'''
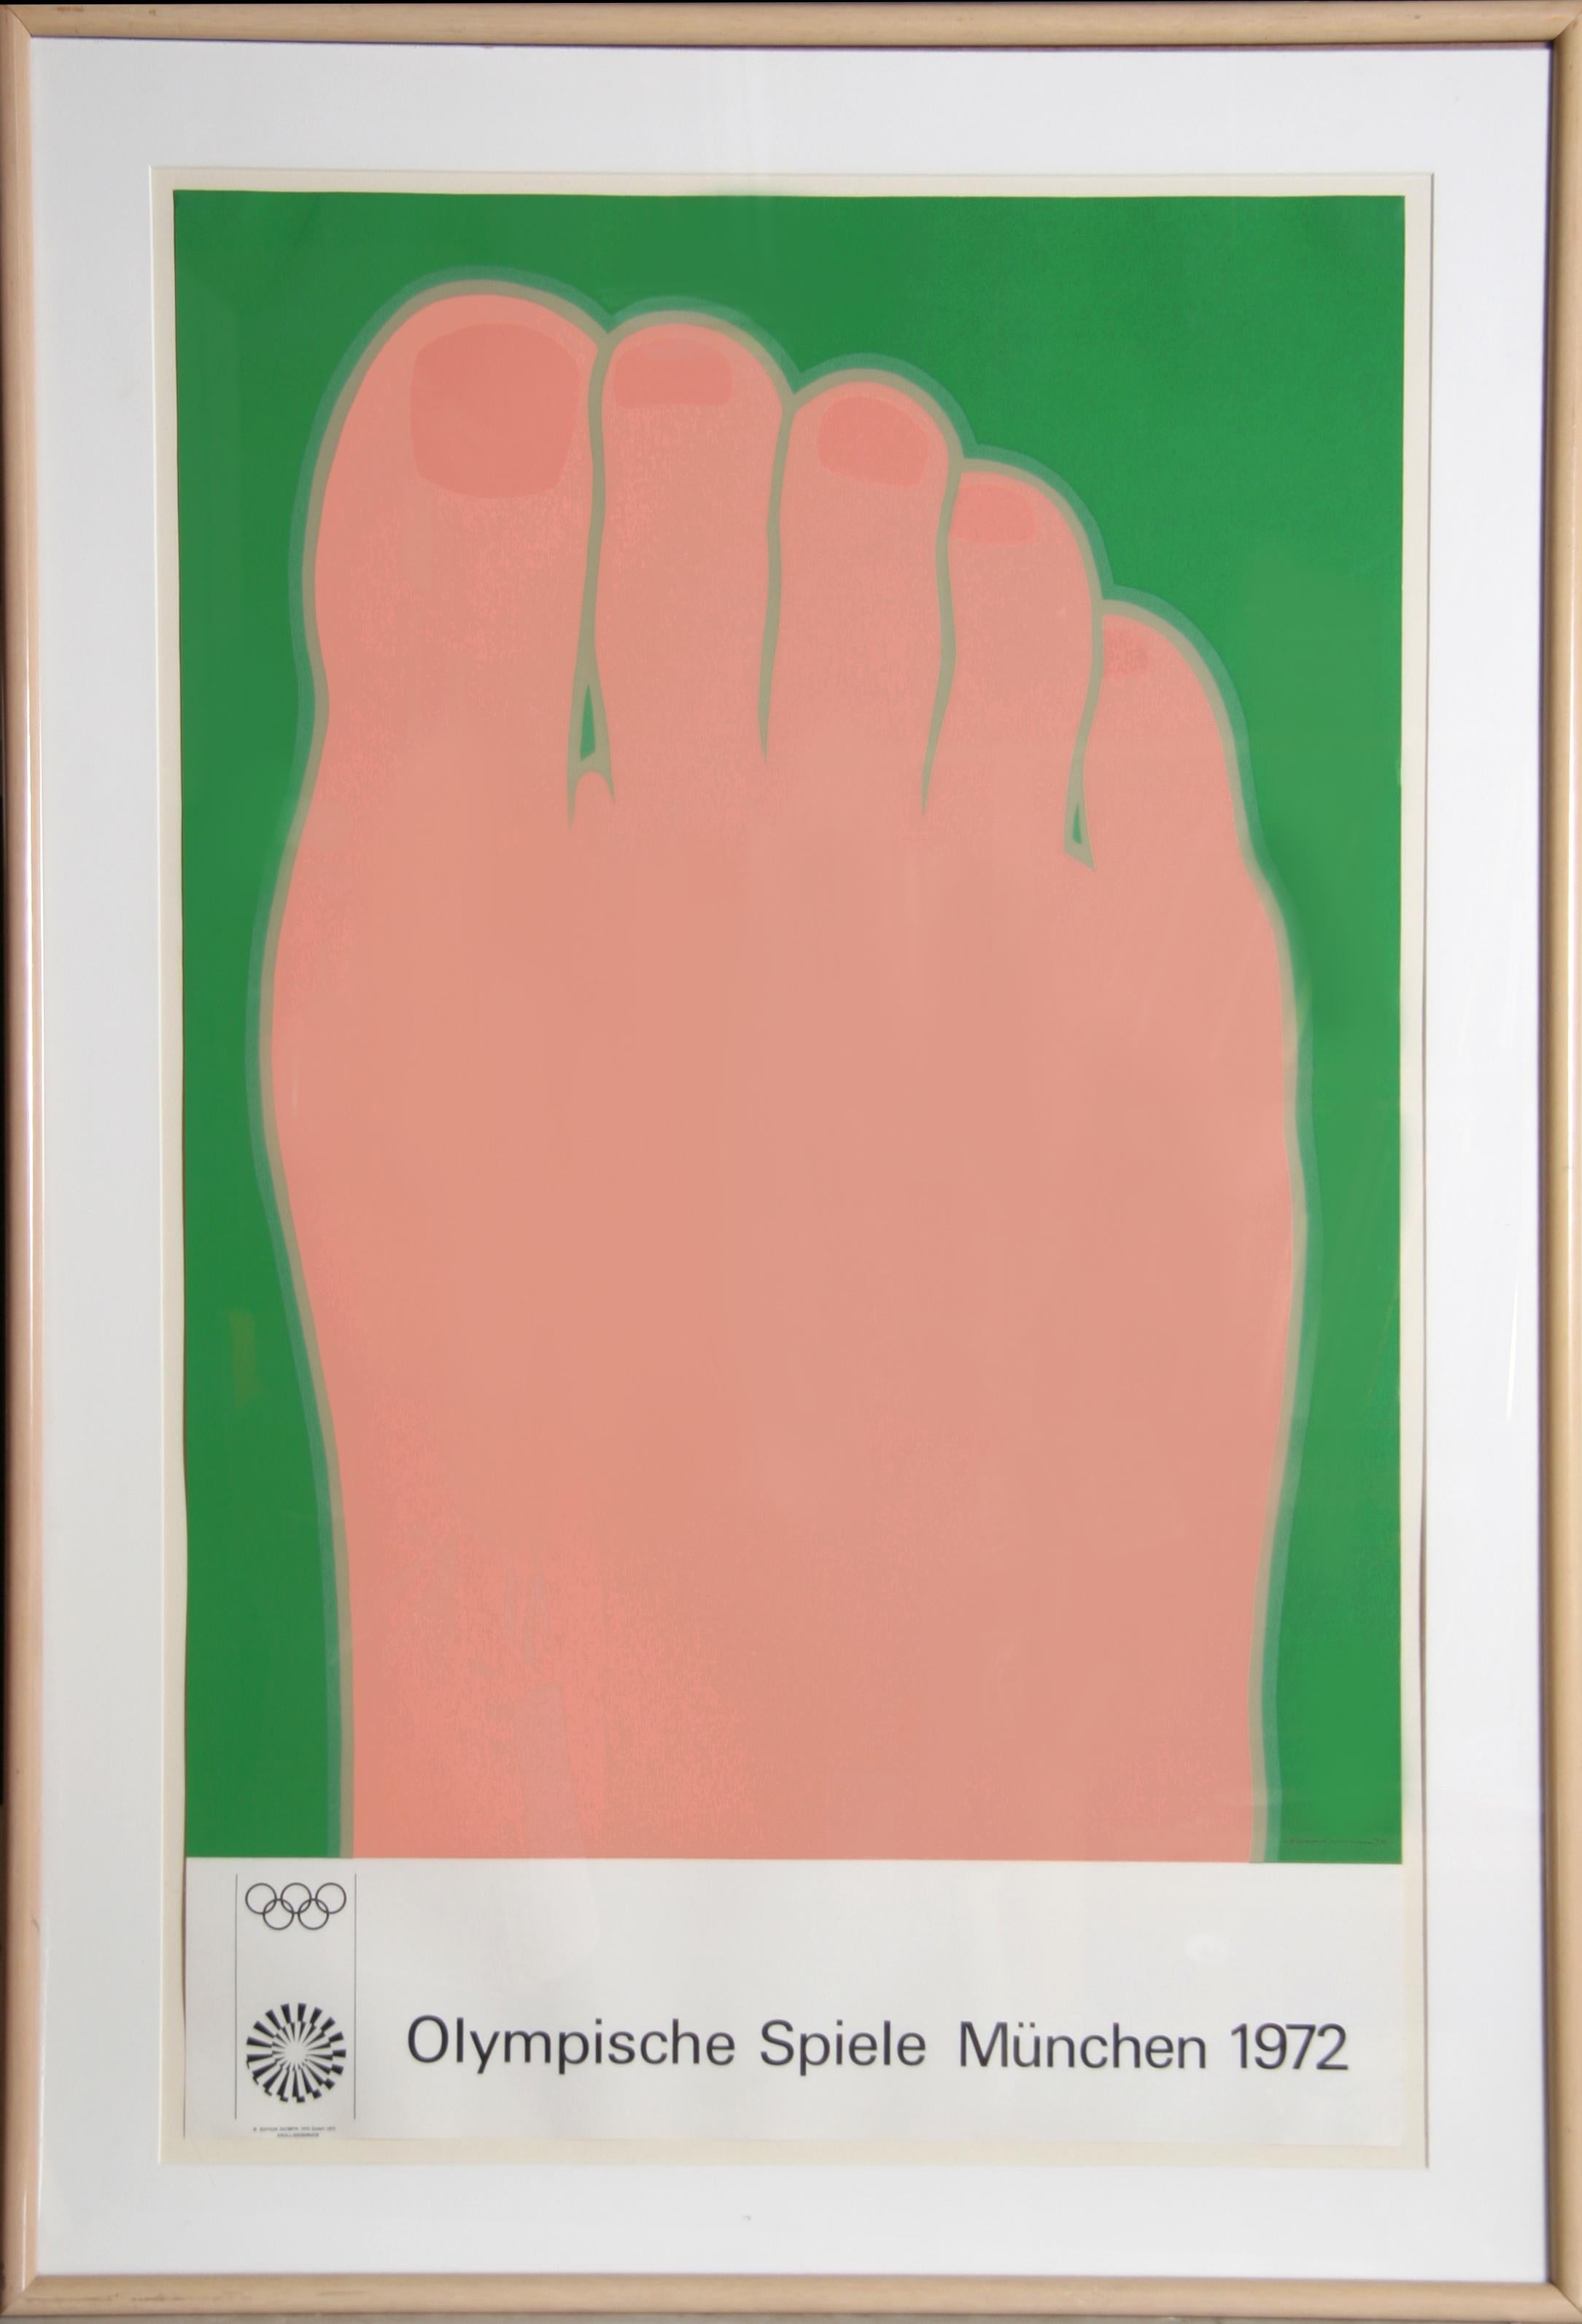 Artistics : Tom Wesselmann (1931 - 2004)
Titre : Olympische Spiele Muenchen (Foot)
Année : 1972
Support : Affiche lithographique montée sur lin
Edition : 3000
Dimensions : 101,6 cm x 63,5 cm (40 in. x 25 in.)
Taille du cadre : 45 x 30 pouces
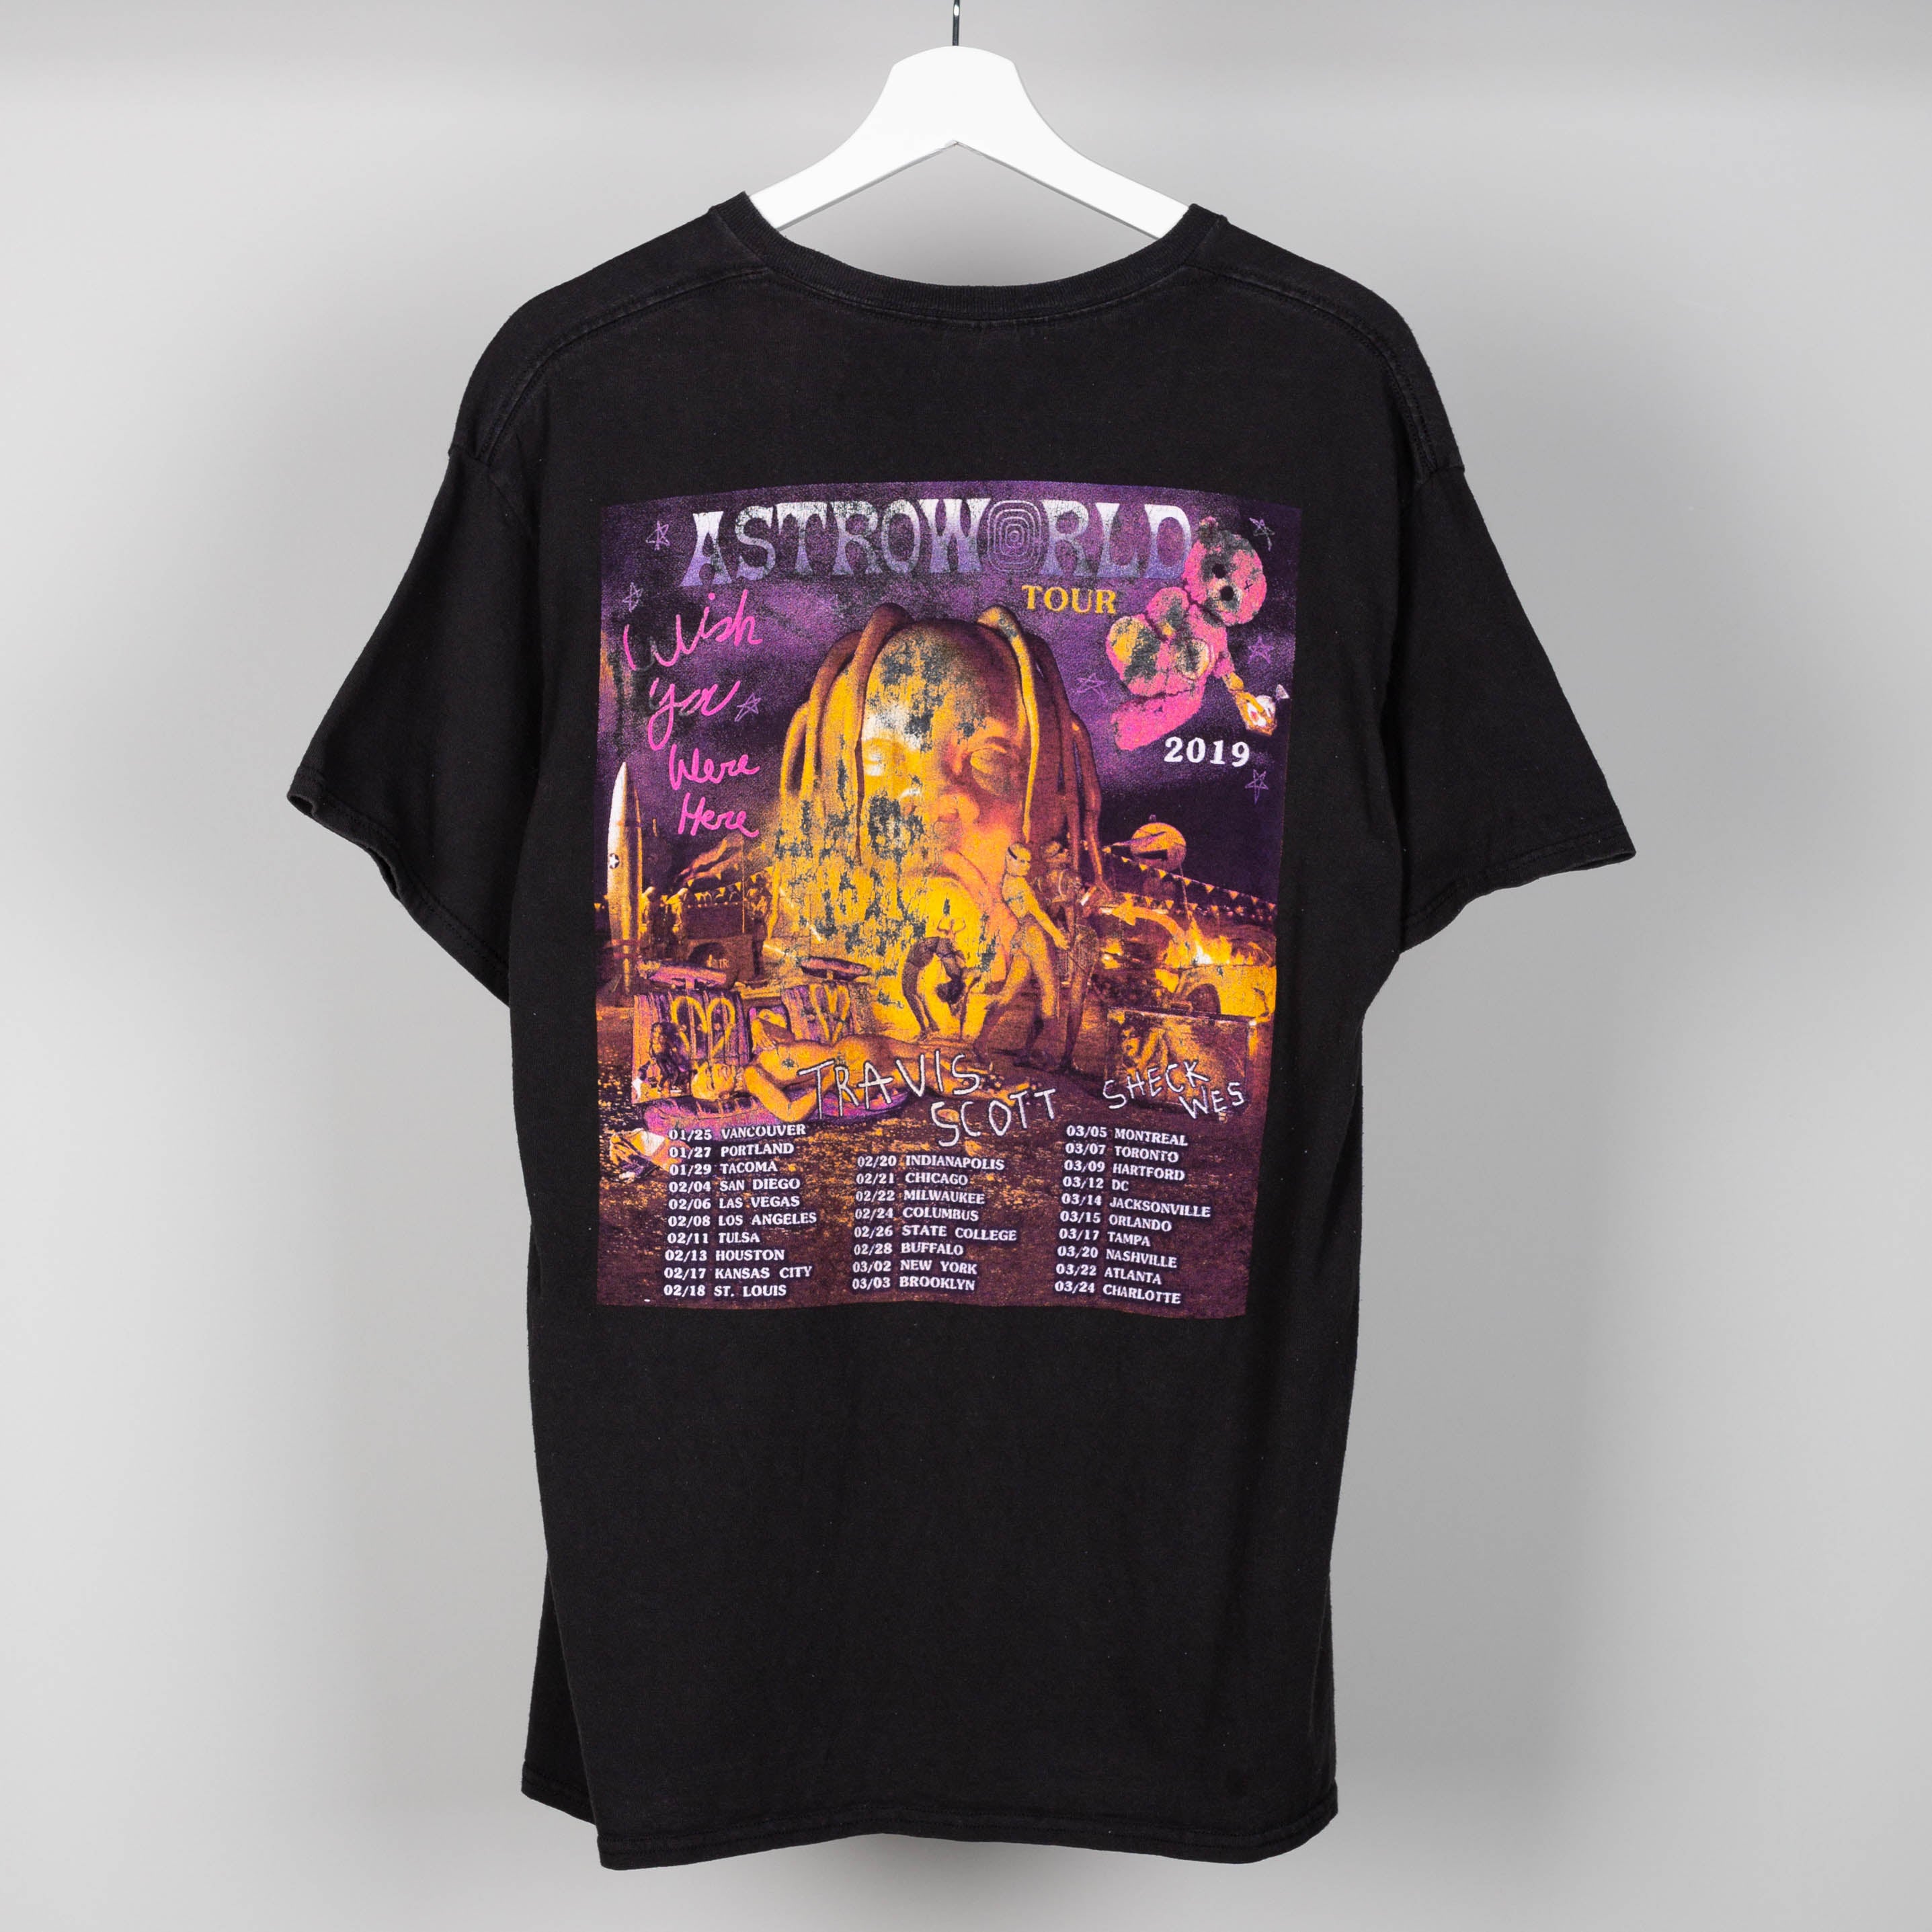 Astroworld Rapper Travis Scott Tour Shirt, Astroworld Merch - Ink In Action
'''
HOW TO COMPLETE THIS TASK:
Please write out the lines above exactly, from the one that contains "Support : Affiche" through the final line, and include none of the pictures.

EXPECTED ANSWER:
Support : Affiche lithographique montée sur lin
Edition : 3000
Dimensions : 101,6 cm x 63,5 cm (40 in. x 25 in.)
Taille du cadre : 45 x 30 pouces
 Astroworld Rapper Travis Scott Tour Shirt, Astroworld Merch - Ink In Action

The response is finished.